● Records excerpted from a collection

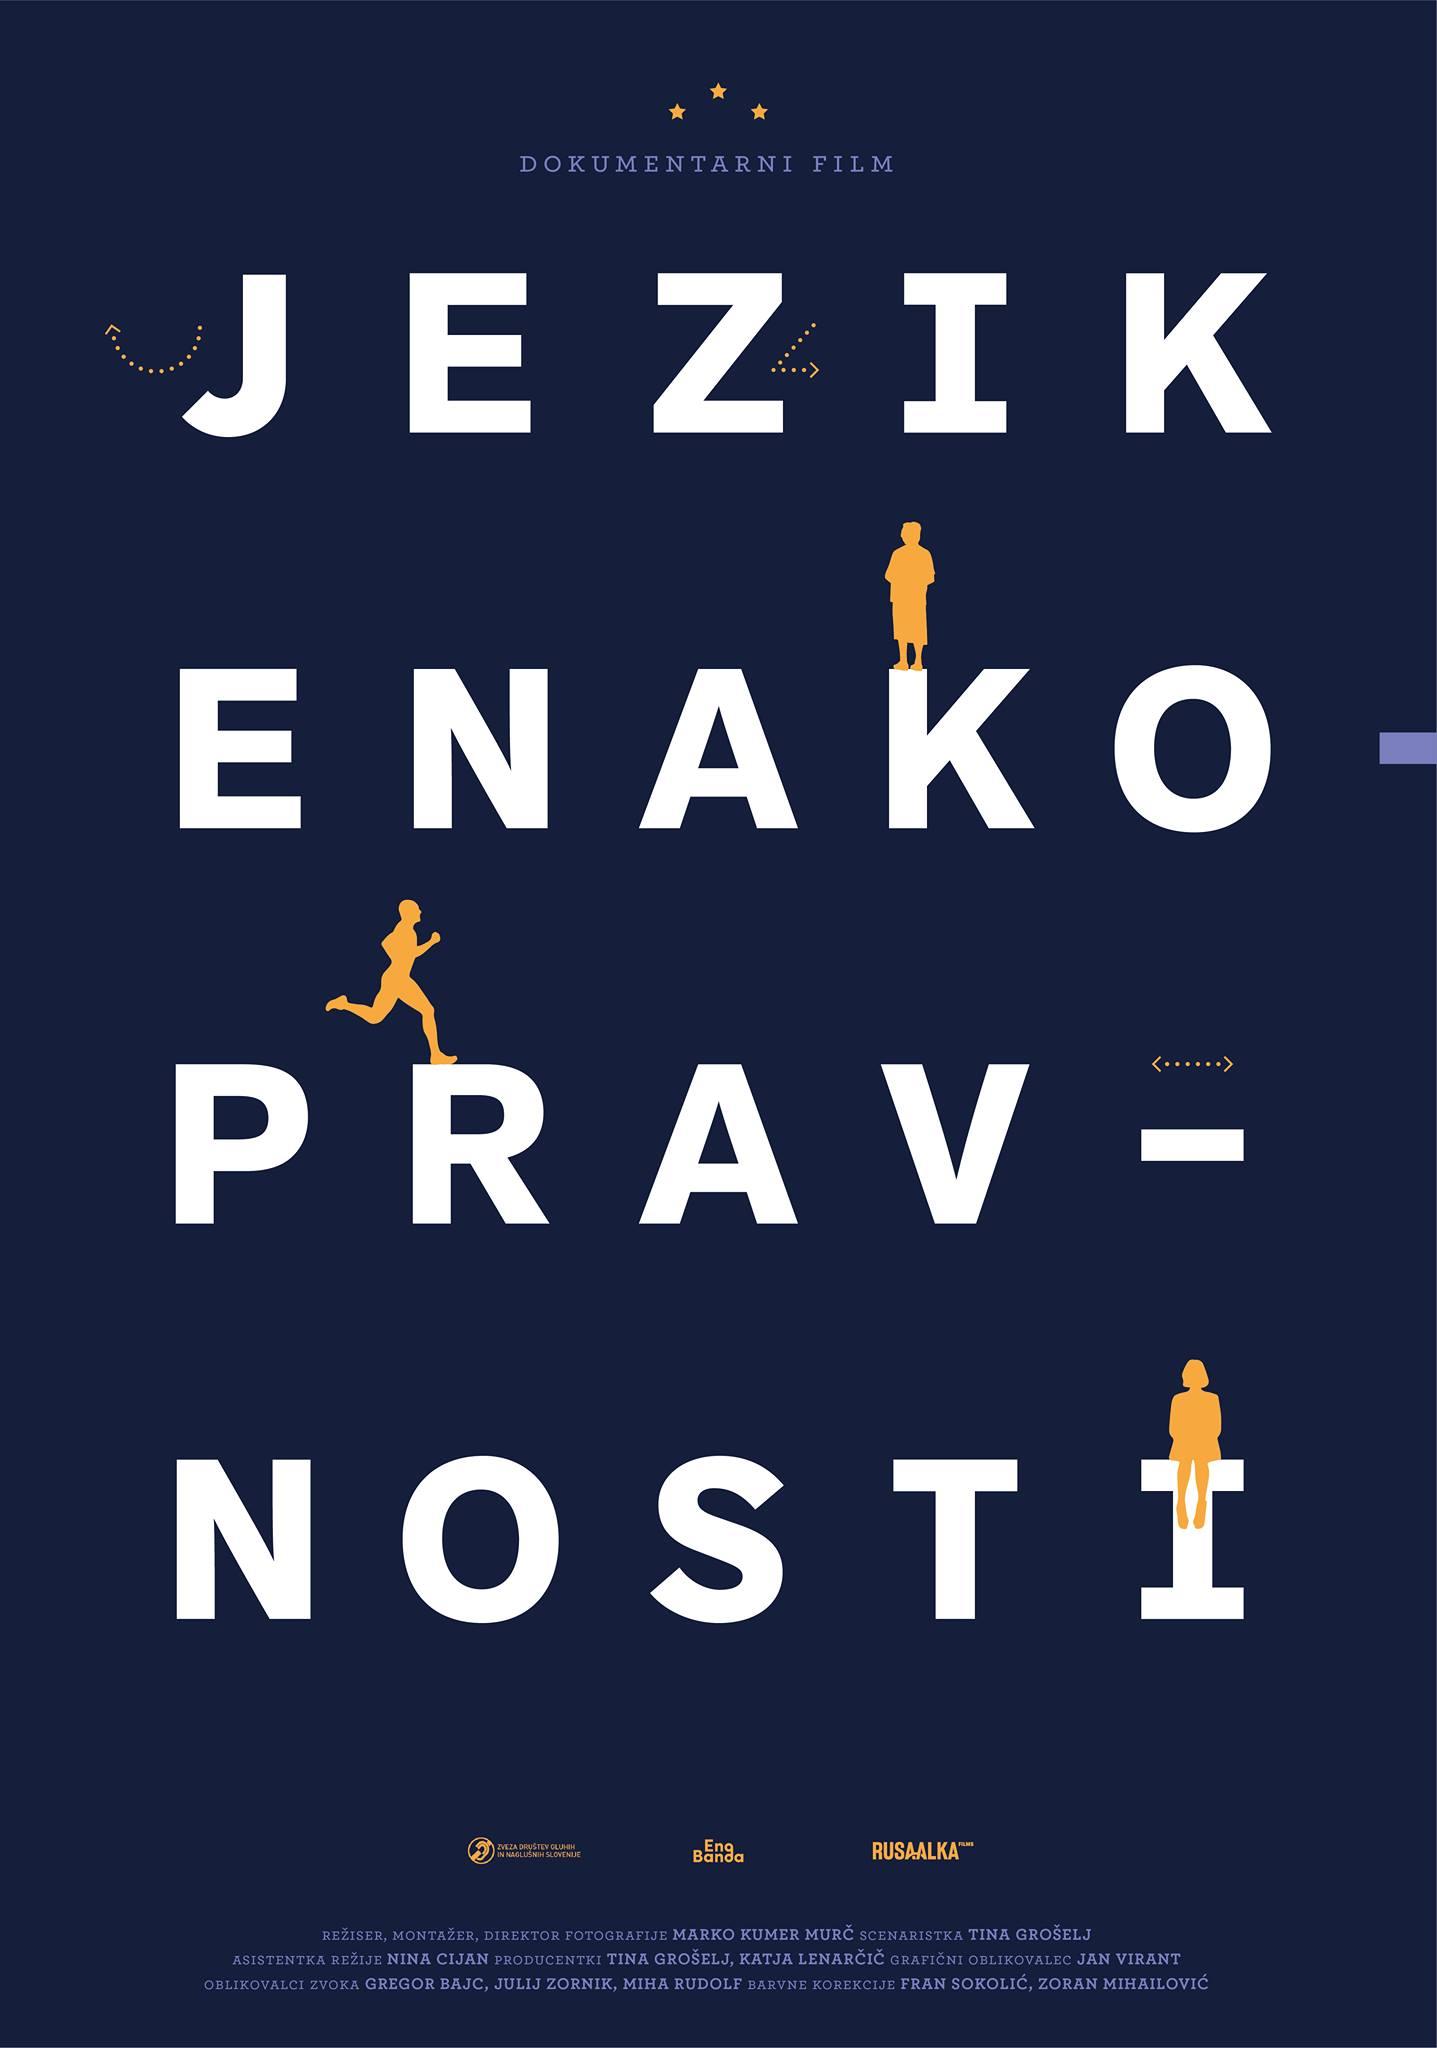 Language of Equality by Marko Kumer from Slovenia
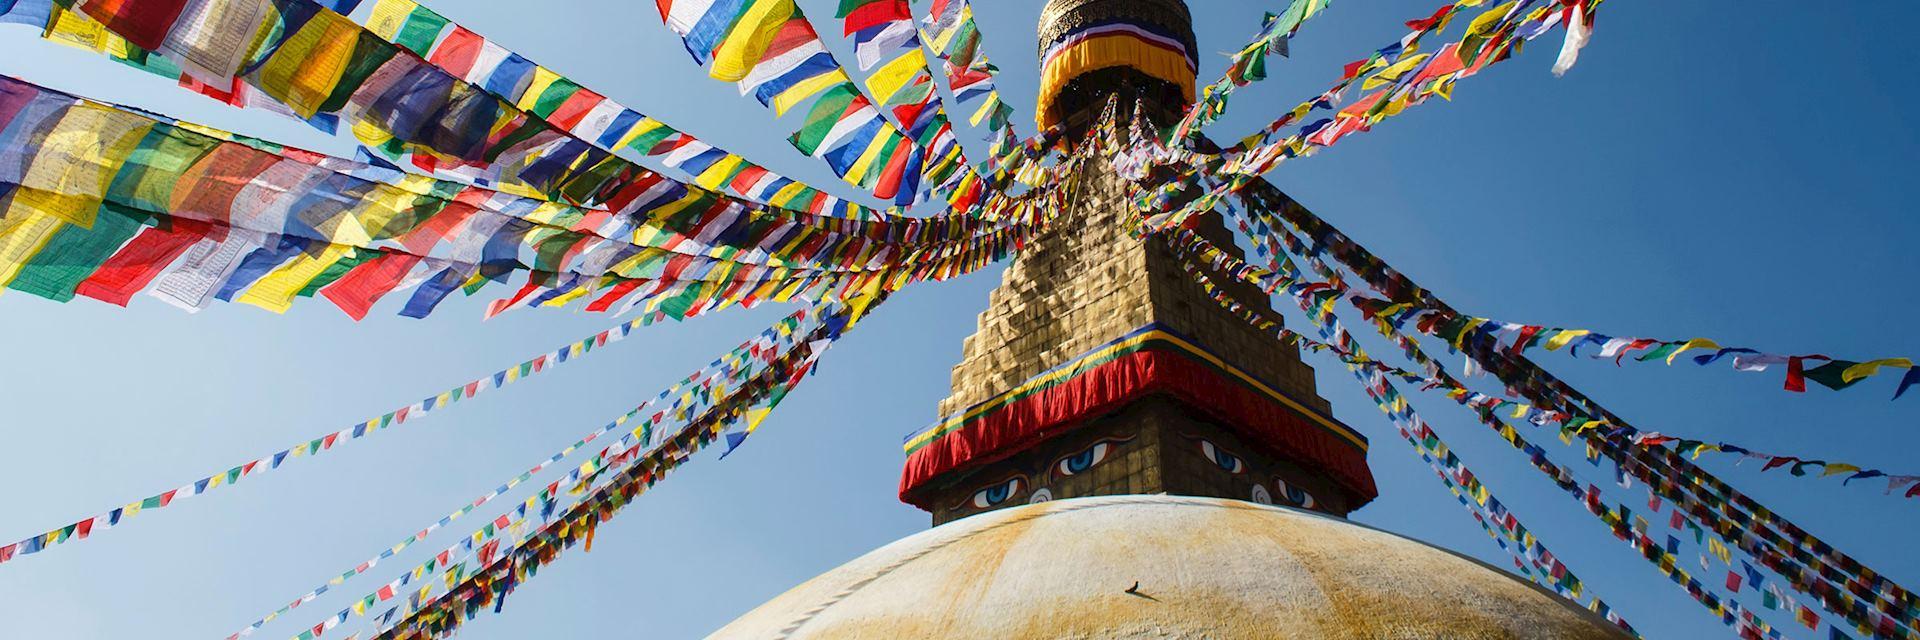 Prayer flags flying from a stupa in Kathmandu
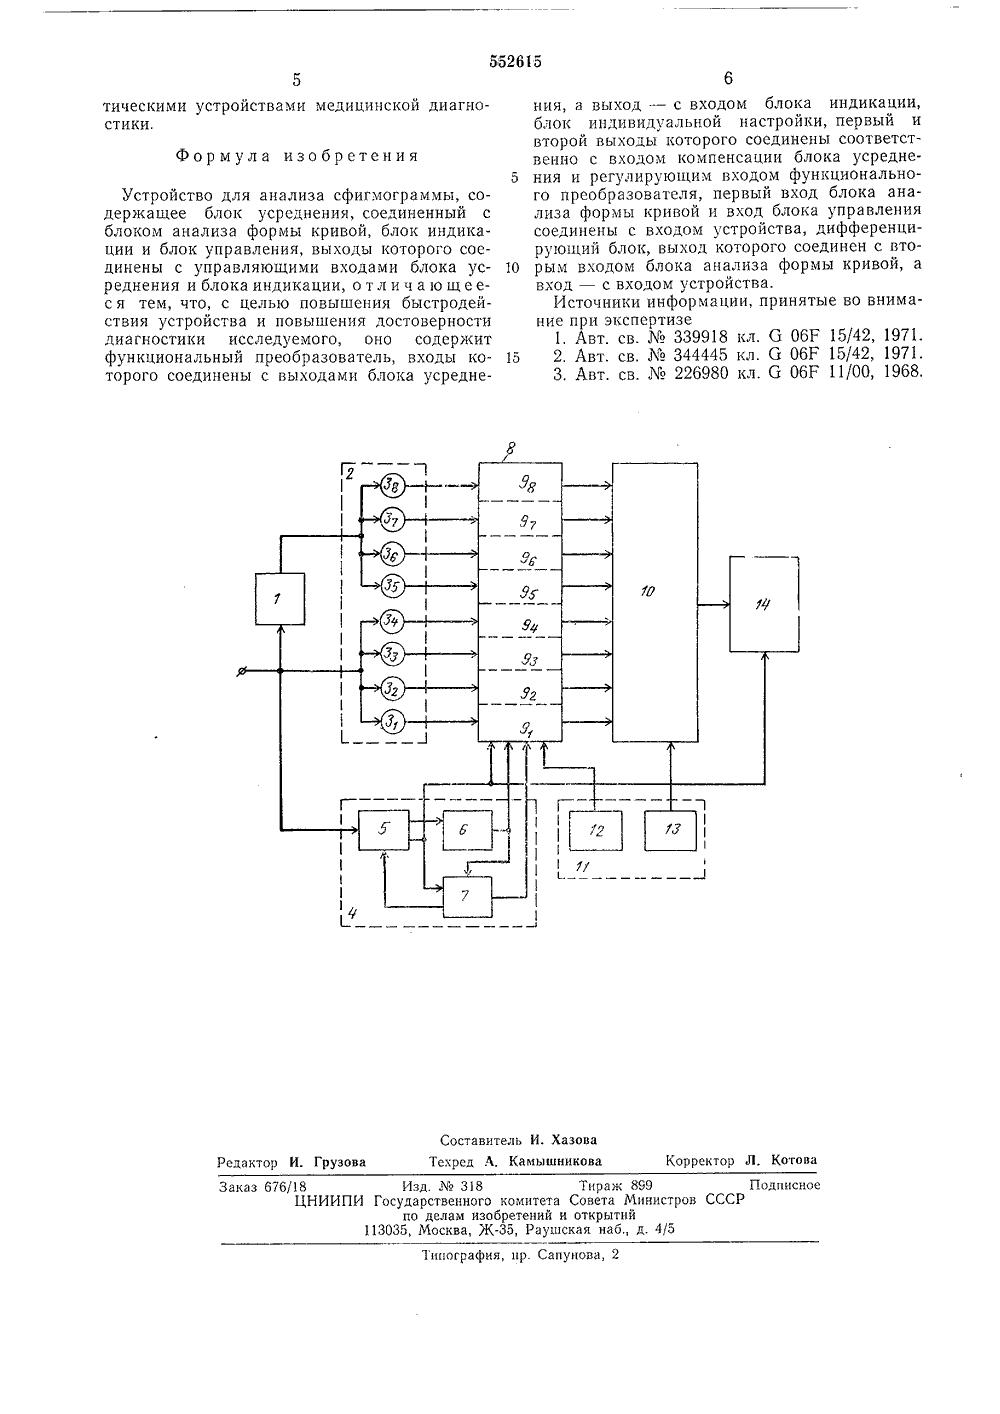 Сфигмограмма схема и ее анализ фото 779
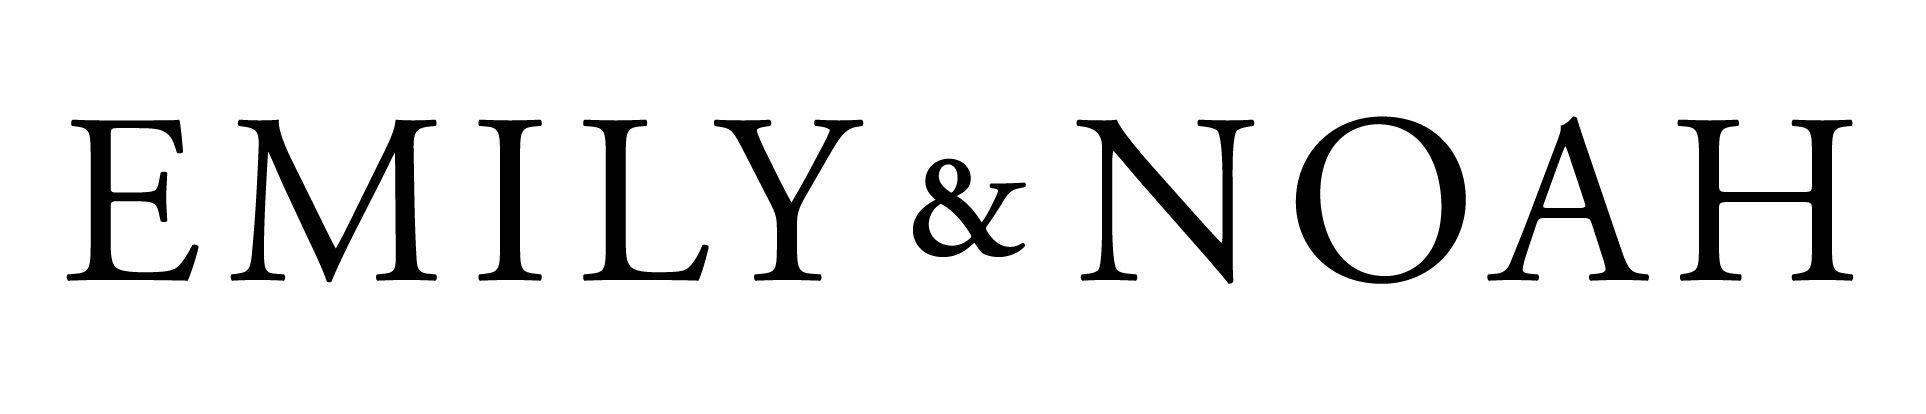 Emily & Noah logo
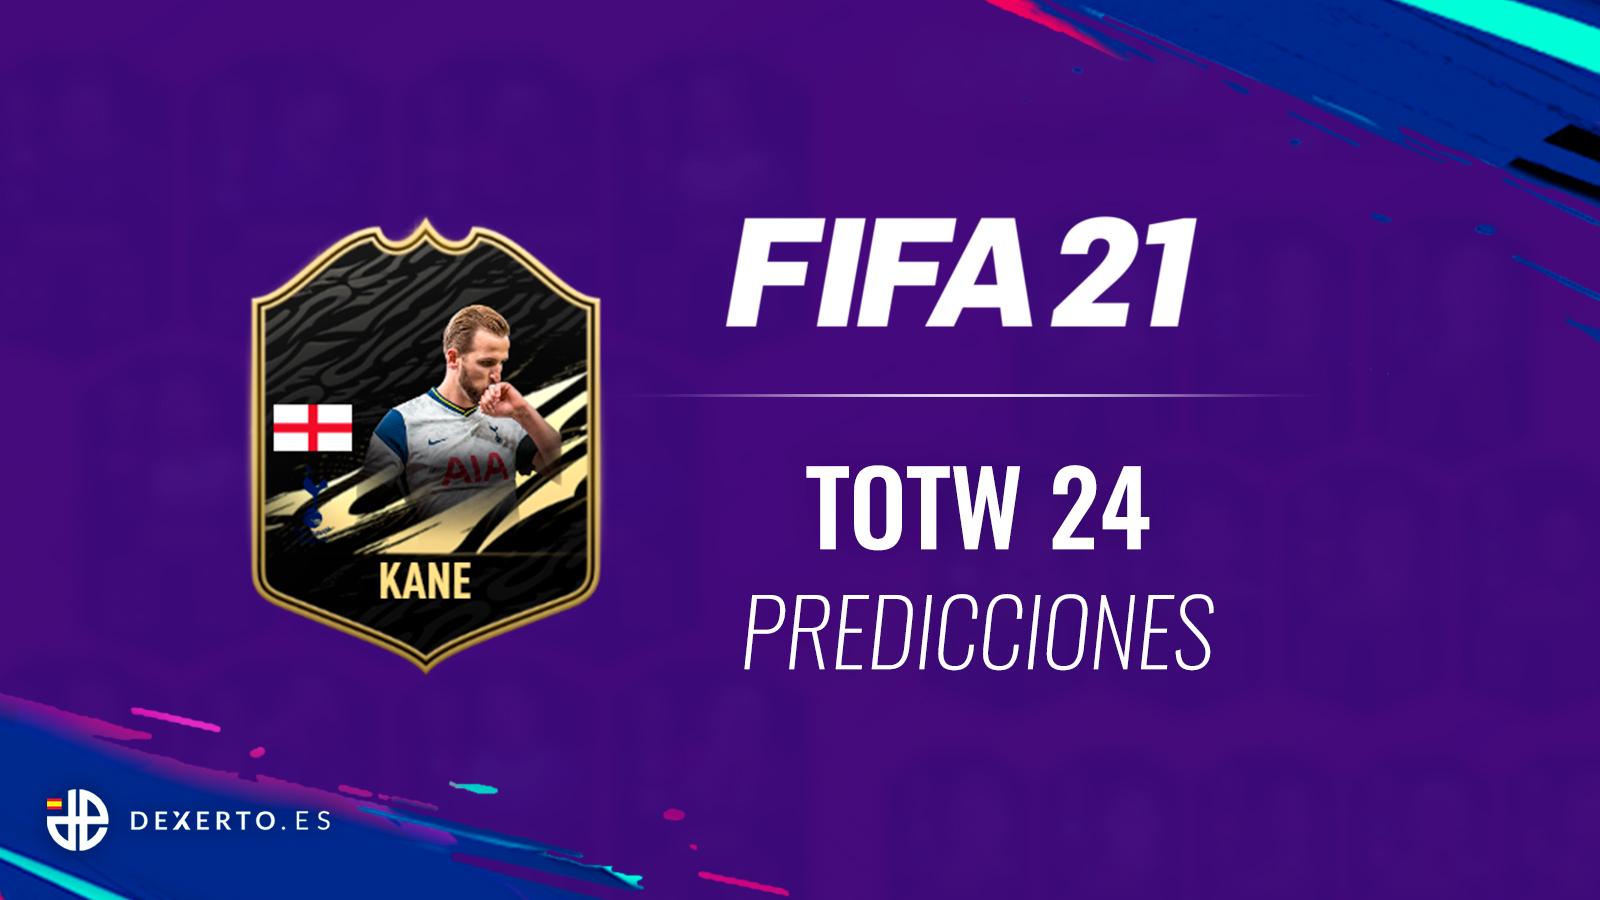 KANE predicciones FIFA 21 TOTW 24

● Work task
In the answer, give only the lines from the one containing "Сфигмограмма схема и ее анализ фото 779" through the end of the records above, each reproduced exactly. Include no pictures.

● Task answer
 Сфигмограмма схема и ее анализ фото 779
 Emily & Noah logo
 KANE predicciones FIFA 21 TOTW 24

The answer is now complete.